Liga Premier
- Organising body: Federación Mexicana de Fútbol
- Founded: 1950; 76 years ago as Segunda División de México
- Country: Mexico
- Confederation: CONCACAF
- Number of clubs: 48 (Primera Premier, Premier A and Premier B)
- Level on pyramid: 3
- Promotion to: Liga de Expansión MX
- Relegation to: Liga TDP
- Domestic cup: Copa Conecta
- Current champions: Deportiva Venados (1st title)
- Most championships: Zacatepec (5 titles)
- Broadcaster(s): AYM Sports Hi Sports Televisa TVC Deportes
- Website: ligapremier.mx
- Current: 2026–27 Primera Premier season 2026–27 Liga Premier A season 2026–27 Liga Premier B season

= Liga Premier de México =

Mexican association football league

Liga Premier is a professional association football league in Mexico and the third level of the Mexican football league system. Formerly known as Segunda División de México (1950–2017). The league is contested by 48 participating clubs, organized into three subdivisions (Primera Premier with 18 clubs, Premier A with 20 clubs and Premier B with 10 clubs). The season consists of an annual tournament, and the champions are decided by a final knockout phase in each subdivision. The winners of Primera Premier are crowned Liga Premier champions, the winners of Premier A and Premier B are the secondary champions of the league.

The league has held 101 editions. The inaugural edition was the 1950–51 season, with Zacatepec crowned as the first champions.

From 1950 to 1994, it was the second level of Mexican football. Premier A clubs, Premier B clubs and teams affiliated with clubs from the highest levels, which are known as "filiales" are not eligible for promotion.

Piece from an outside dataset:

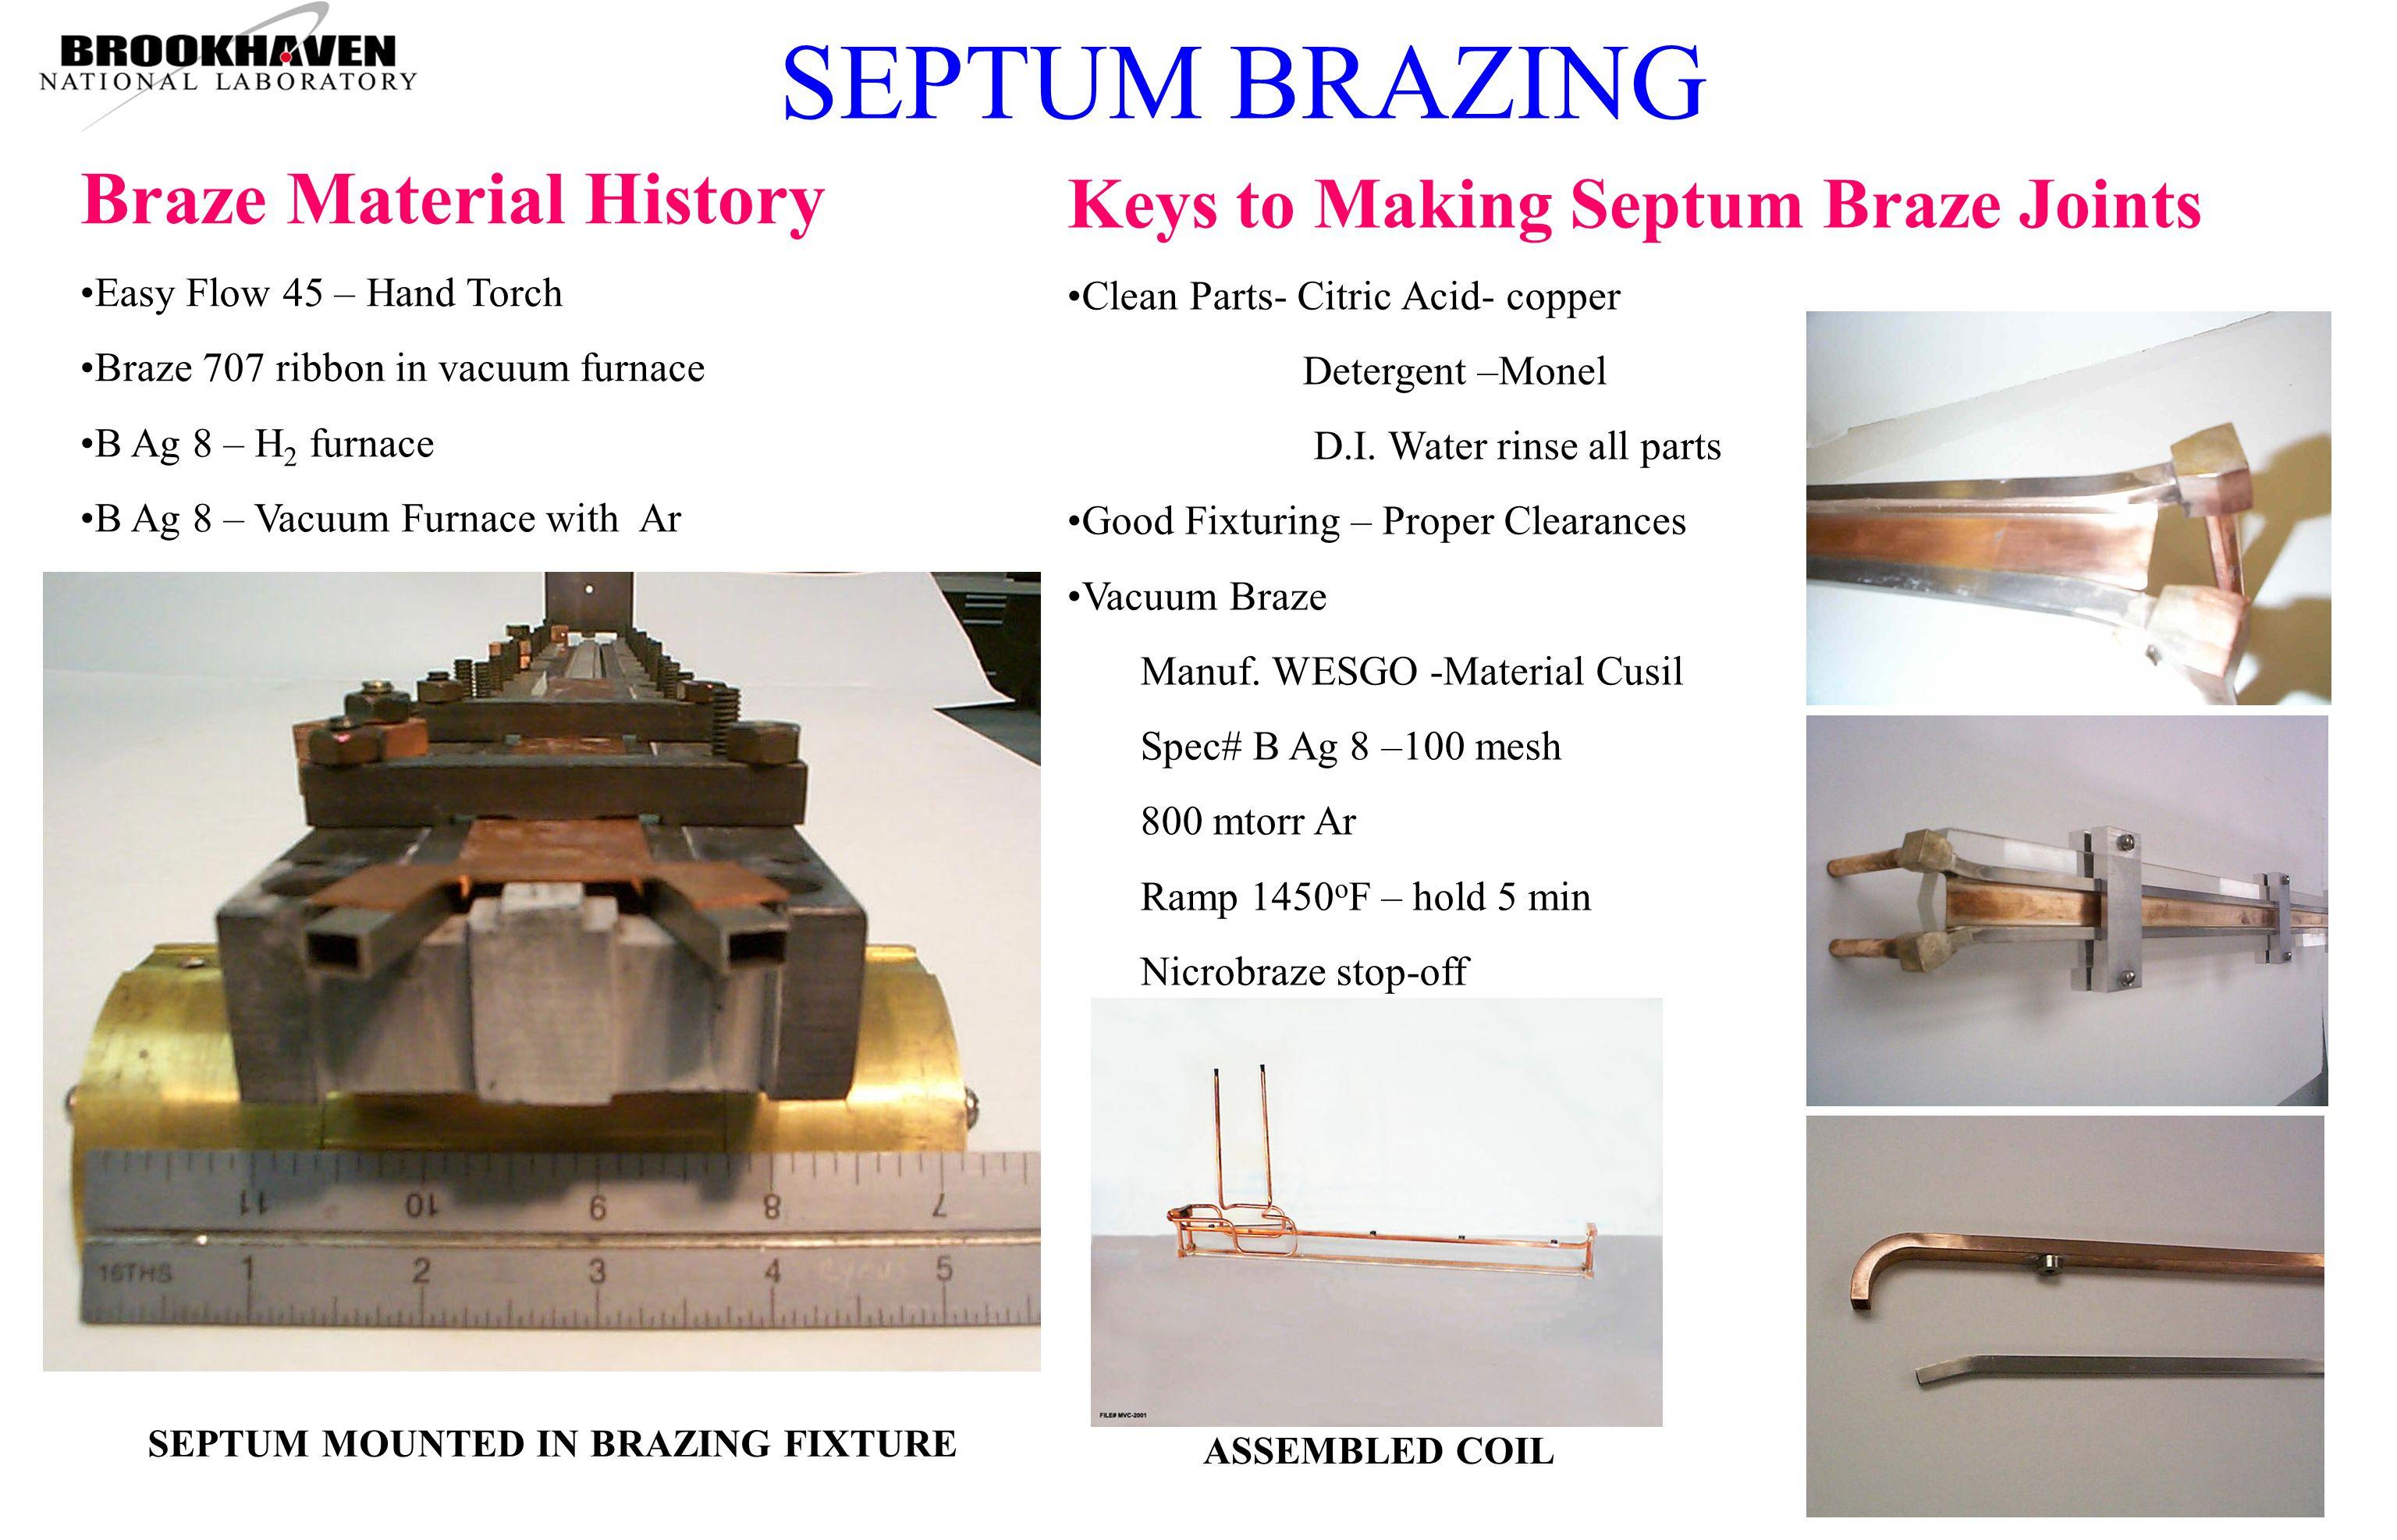 Keys to Making Septum Braze Joints Clean Parts- Citric Acid- copper Detergent –Monel D.I.

Sixty-six clubs have won the title at least once. Zacatepec is the most successful club with five titles, Irapuato, Tampico Madero and Universidad del Fútbol with four titles each, Loros UdeC, Atlas, Alacranes de Durango and Pachuca Juniors with three titles each.

==History==
===Segunda División de México (1950–2017)===
Founded in 1950 as the second level division, it was one of the three divisions originally created for the Mexican football league system, along with the Primera División and Tercera División. The inaugural season had seven founding clubs: Irapuato, Morelia, Pachuca, Querétaro, Toluca, Zacatepec and Zamora. The champions of the 1993–94 Segunda División season was the last to be promoted to the Primera División. In 1994–95 season, the FMF created the Primera División "A" as an intermediate league with 15 clubs from the Segunda División, and all other clubs remained in the league as the new third level division of Mexican football. Each season divided into groups by geographic location, with the matches predominantly among the clubs from the same group.

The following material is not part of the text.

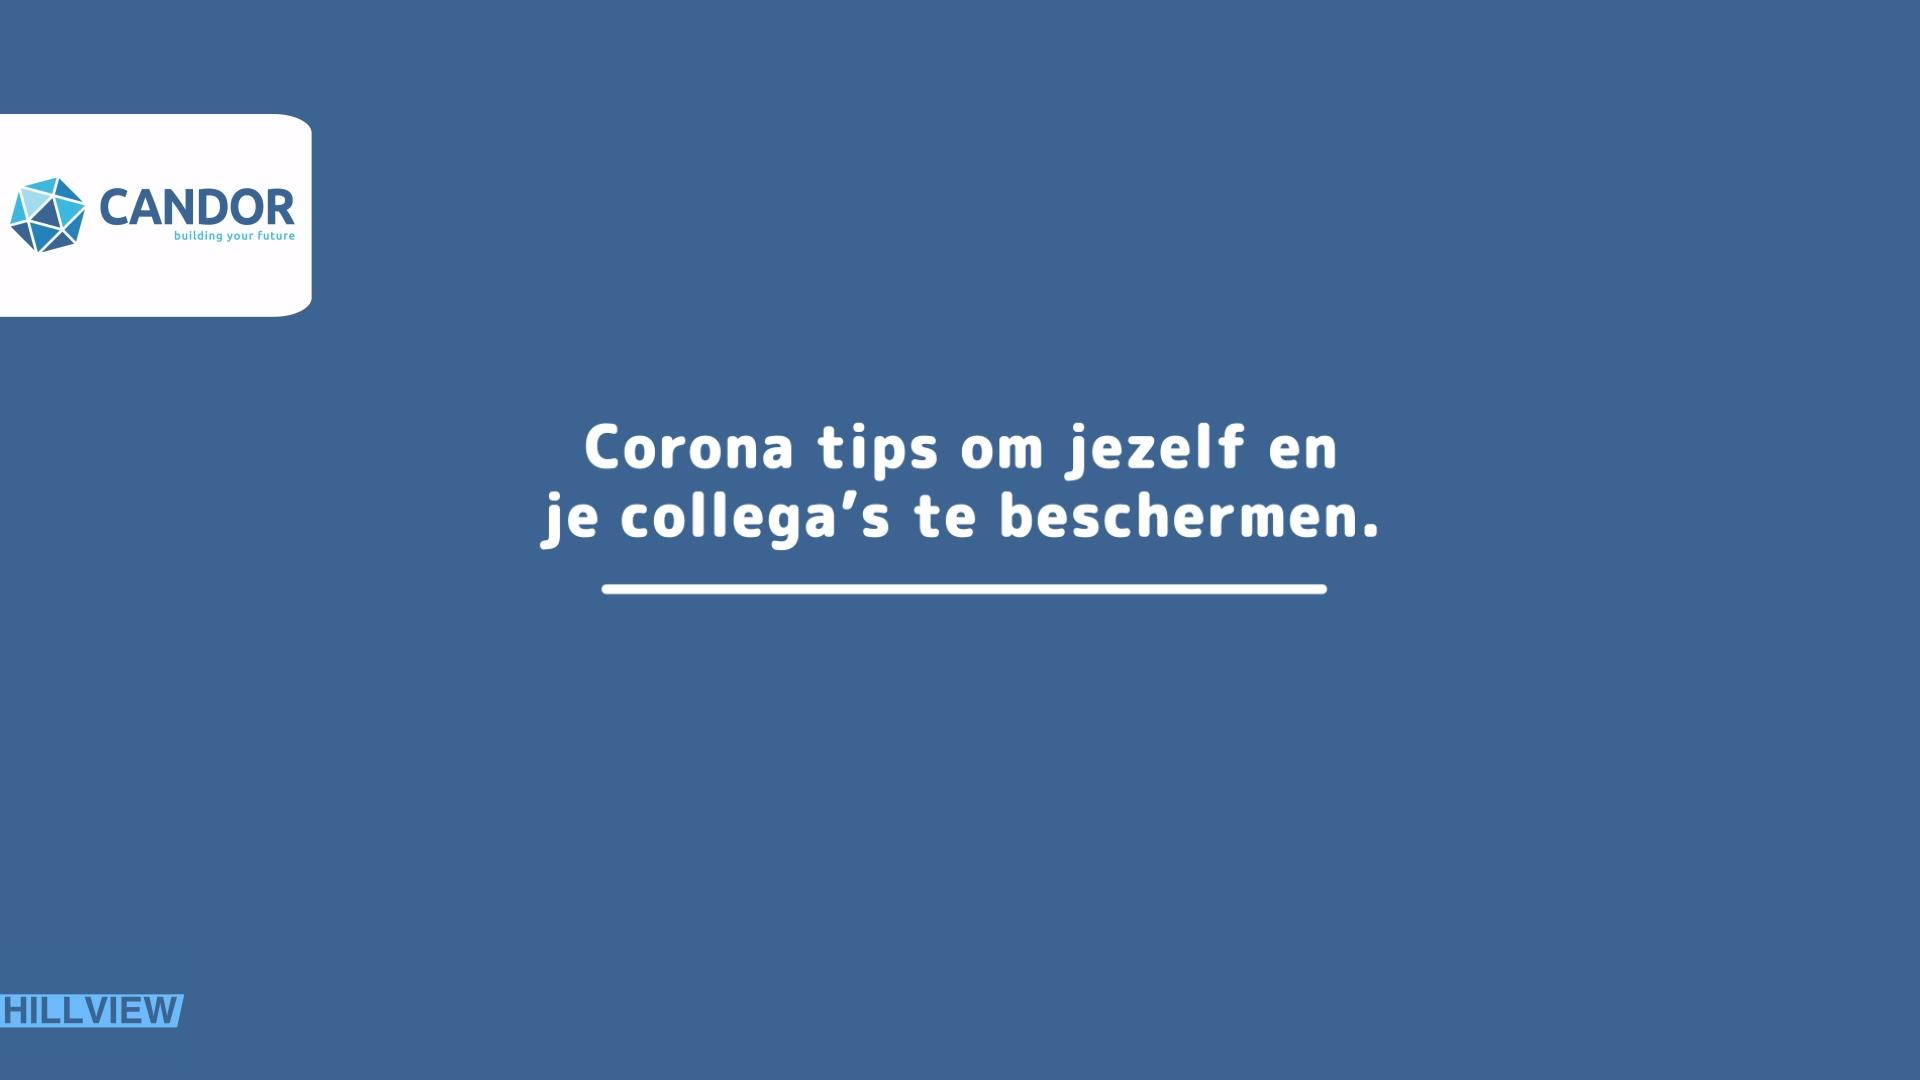 CANDOR_NL (1)

From 1994, it became the third level division of Mexican football, after the creation of the Primera División "A" de México as an intermediate league between the Primera División and Segunda División, which was later abolished in 2019. However, it continued as the third level, after the creation of the Liga de Expansión MX in 2020 as the new intermediate league. Two short tournaments were played during two periods (1997–2018, 2021–2023), and also the 2024–25 season.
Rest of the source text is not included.